Надежда Малыгина - повесть "Двое и война". Без тебя

 БЕЗ ТЕБЯ



Часть четвертая

Родной город. Родная деревня... Мы привыкли считать родными город или деревню, где родились, рос­ли, начали ходить в школу, где име­ли первых друзей. Война расшири­ла эти понятия. Дорогими, как труд­ные приемные дети, которые тем до­роже, чем больше сил затрачено на них, стали для нас города и деревни, освобожденные от врага в самых тя­желых, кровопролитных сражени­ях. Львов стал для меня родным вдвойне: в земле это­го города, за который мы дрались, покоится то, что было тобой.

Солдаты, где бы они ни сражались — на севере, юге, западе, — все родные по одной общей фронтовой судьбе. Боевое родство однополчан — тех, кто шел через войну рядом, бок о бок, плечо к плечу, — еще более близкое и дорогое. Сколько же значил для меня ты, родной не толь­ко по нашей фронтовой — отдельной и общей — судьбе, но и потому, что мы любили друг друга?

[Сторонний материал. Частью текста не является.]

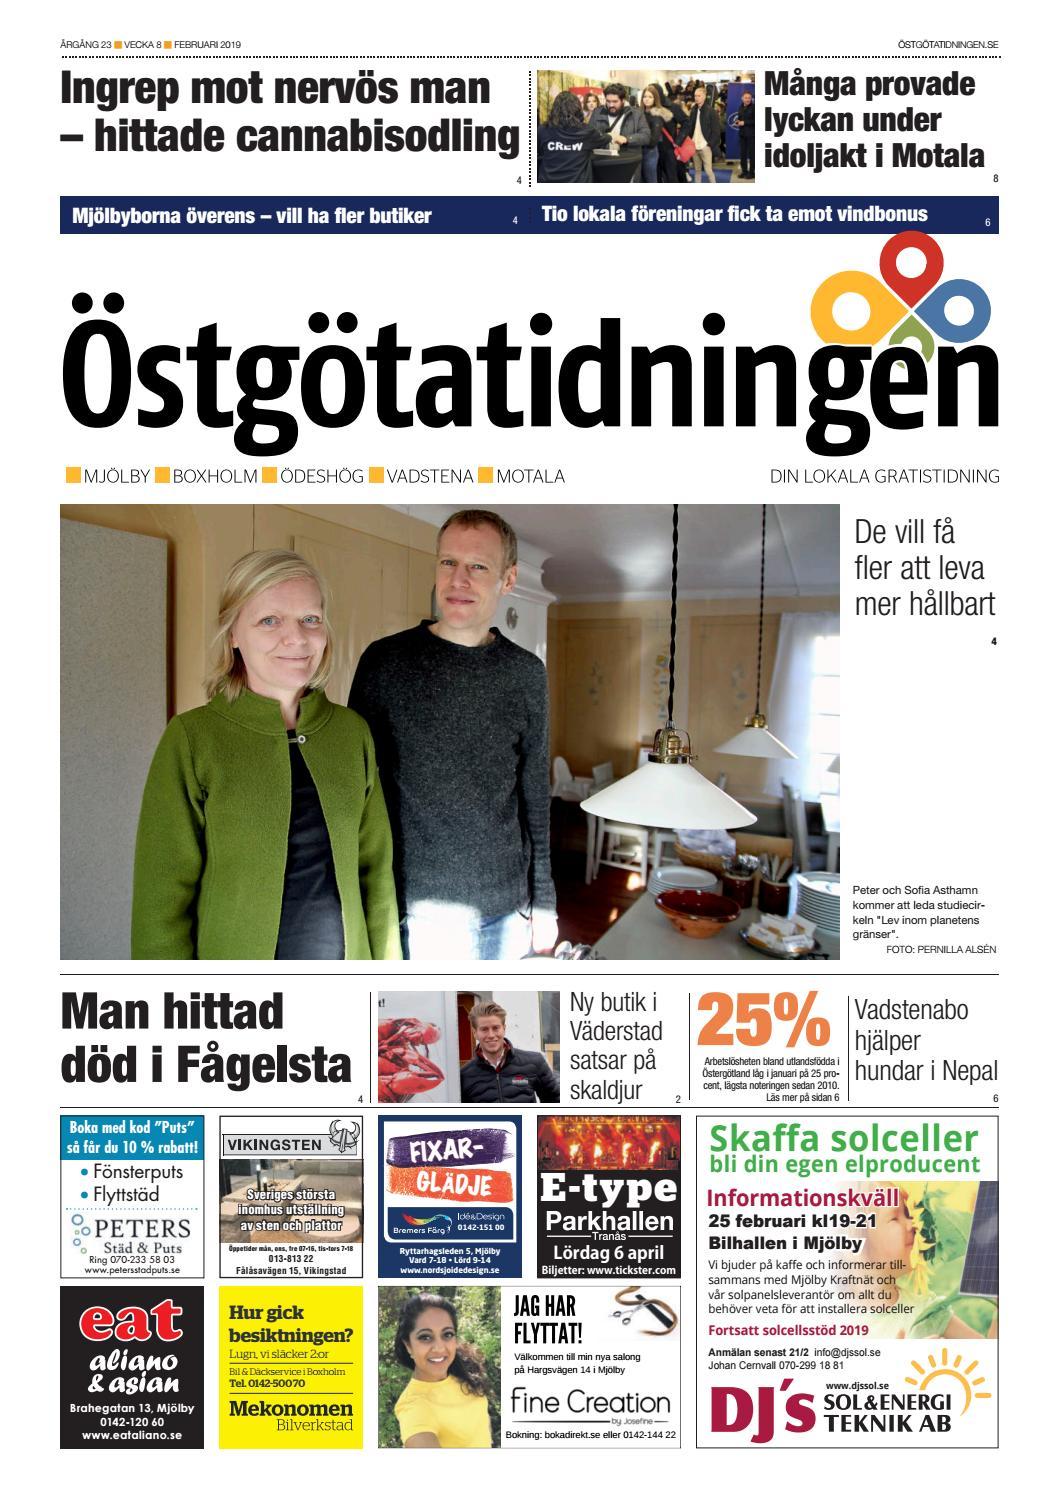 Mattias Johansson, stbacken 207, Alsen   redteksystems.net

Тебя нет... Слова эти, будто намотанные на колесо, бесконечно звучат в голове.

Я еду в машине генерала Северинова. Северинов, Мо­лодцов, ты... Вас, боевых друзей но сорок первому году, было трое. Теперь — двое...

Из машины виден кусок неба — голубого и чистого. Зелены холмы и луга, цветут цветы. Стремительно и низ­ко, перед самым радиатором, проносится стая воробьев...

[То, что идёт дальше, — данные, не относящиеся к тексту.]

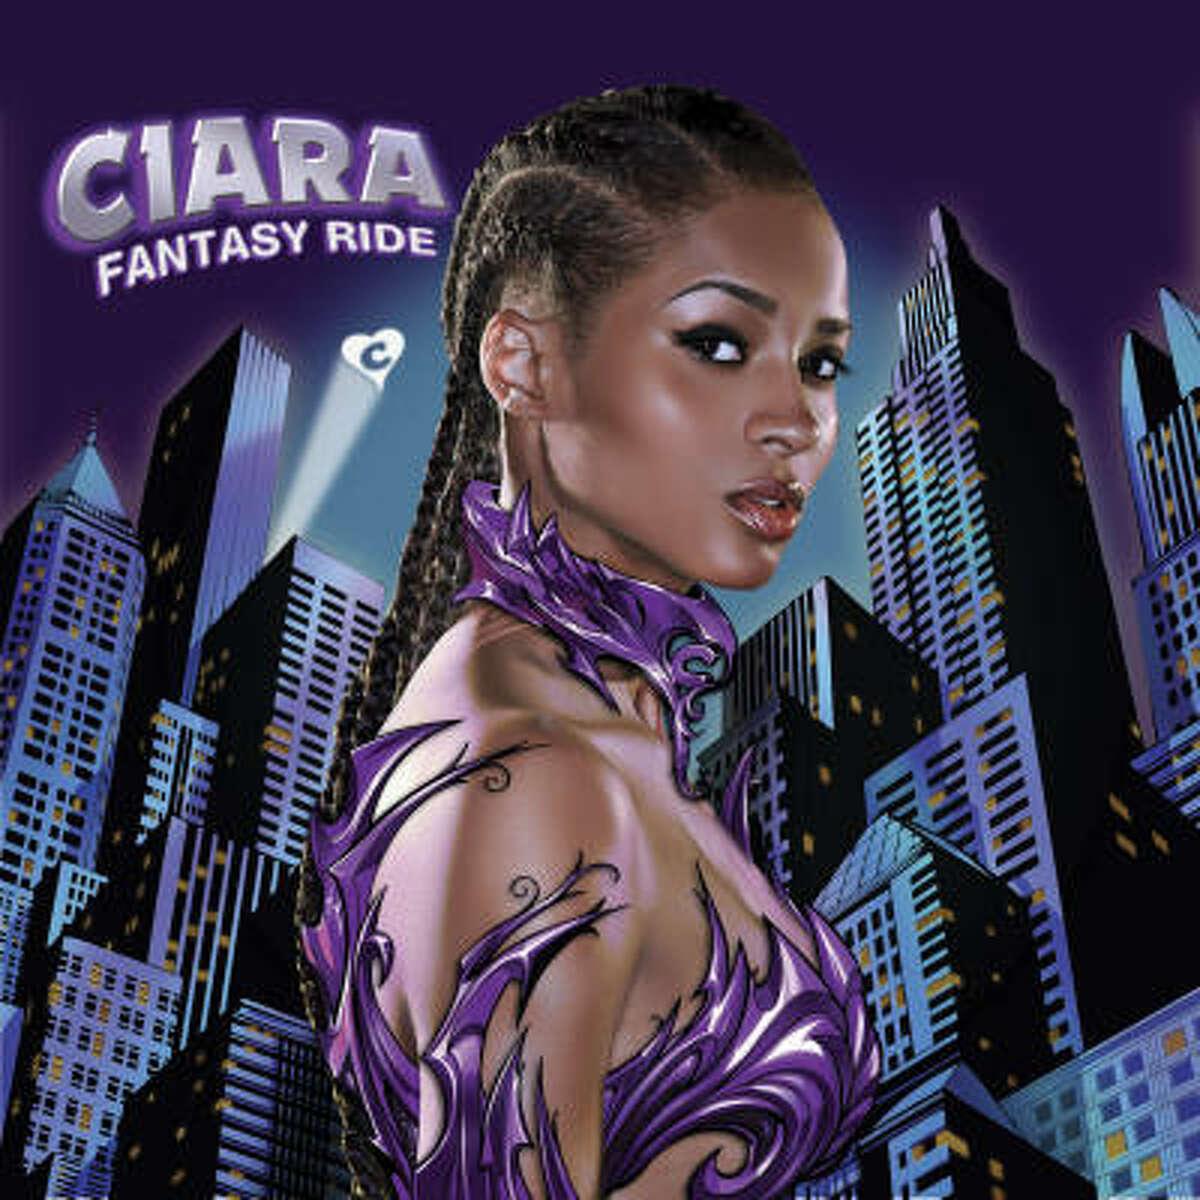 The album cover for Fantasy Ride.

Та же дорога. Те же машины мчатся обратно. Но теперь все по-другому. Удивительно и странно. К этому нужно еще привыкнуть. Привыкну ли я? Мой мир как тоннель. Он сузился до предела — до одной мысли о том, что тебя нет. Час твоей гибели надвое располосовал мою жизнь. А в жизни миллионов людей все идет, как прежде, хотя мир без тебя, конечно же, стал беднее. Потому что жизнь человека тоже целый мир, его маленькая История. Тесно сплетенная с Историей многих, она составляет Историю общества, эпохи.

Цорога длинна, и память услужливо подает картины происшедшего в последнюю минуту нашей маленькой с тобой Истории, в самую последнюю ее минуту.

...Ночь. Приглушенно рокочут моторы танков, готовых выйти на исходный рубеж. Отсюда по сигналу ракеты наша танковая рота войдет в подготовленный для нее коридор в линии вражеской обороны. «А может, все-таки послать санитара из той роты, которая остается?» — из­менив себе, спросил ты. Ты боялся за меня! Ты так боял­ся, что только крепко-крепко сжал мои пальцы и, не простившись, ушел в голову колонны. Мы с самого нача­ла загадали так: не прощаться перед боем, если доже придется действовать на разных участках. Не прощать­ся — будто не расставаться. Значит, все кончится хоро­шо. Но в этот раз мне очень хотелось, чтобы ты ушел по-другому: засмеялся бы, сказал что-нибудь, назвал бы меня глупышкой. «Комбат!» — тихонько окликнула я, желая вернуть тебя. Наверное, ты не расслышал. А те­перь я не могу простить себе, что не вервула тебя, не по­смотрела в твои глаза, не запомнила выражение твоего лица, движение твоих губ. Ведь хотела же!

У нас не было последней, самой последней минуты.

Вот я снова в батальоне. А тебя нет...

Лечь, лечь... Можно бы пойти в палатку, но рядом с нею истоптана трава: там стоял гроб и бригада проща­лась с тобой.

Слышу, кто-то спрашивает:

— Не видели Любу? Генерал вызывает. Но слова не касаются сознания.

— Найдите Любу! — громко требует   другой голос.

— Не кричите, в машине она, — едва слышно произ­носит кто-то.

Только теперь сознаю: ищут меня. Что-что еще может случиться после всего уже случившегося?

Брезентовая дверь машины приоткрывается. На сту­пеньках лестницы появляется писарь батальона Никита Малов, сутулый, в очках ефрейтор:

— Люба, вас вызывает генерал. Что-то очень важное! —: Ну здесь я, здесь. Сейчас приду!

— Так ведь генерал, — оправдывается Никита. Иду, кажется, из последних сил. Генерал Северинов подымается навстречу, подает мне напечатанное па ма­шинке письмо с крупными типографскими буквами по­верху. Несколько раз перечитываю текст и лишь потом, наконец, понимаю смысл написанного: «Надлежит явить­ся в Москву для получения нового назначения...» Это те­бе надлежит явиться!

— Я и полковник Молодцов, — объясняет гене­рал, — ехали сюда, чтобы вручить вашему мужу высо­кую правительственную награду: орден Ленина. Но... так получилось... Война... Вручаю вам выписку из Указа Пре­зидиума Верховного Совета СССР...

Так вот, оказывается, откуда взялся орден Ленина!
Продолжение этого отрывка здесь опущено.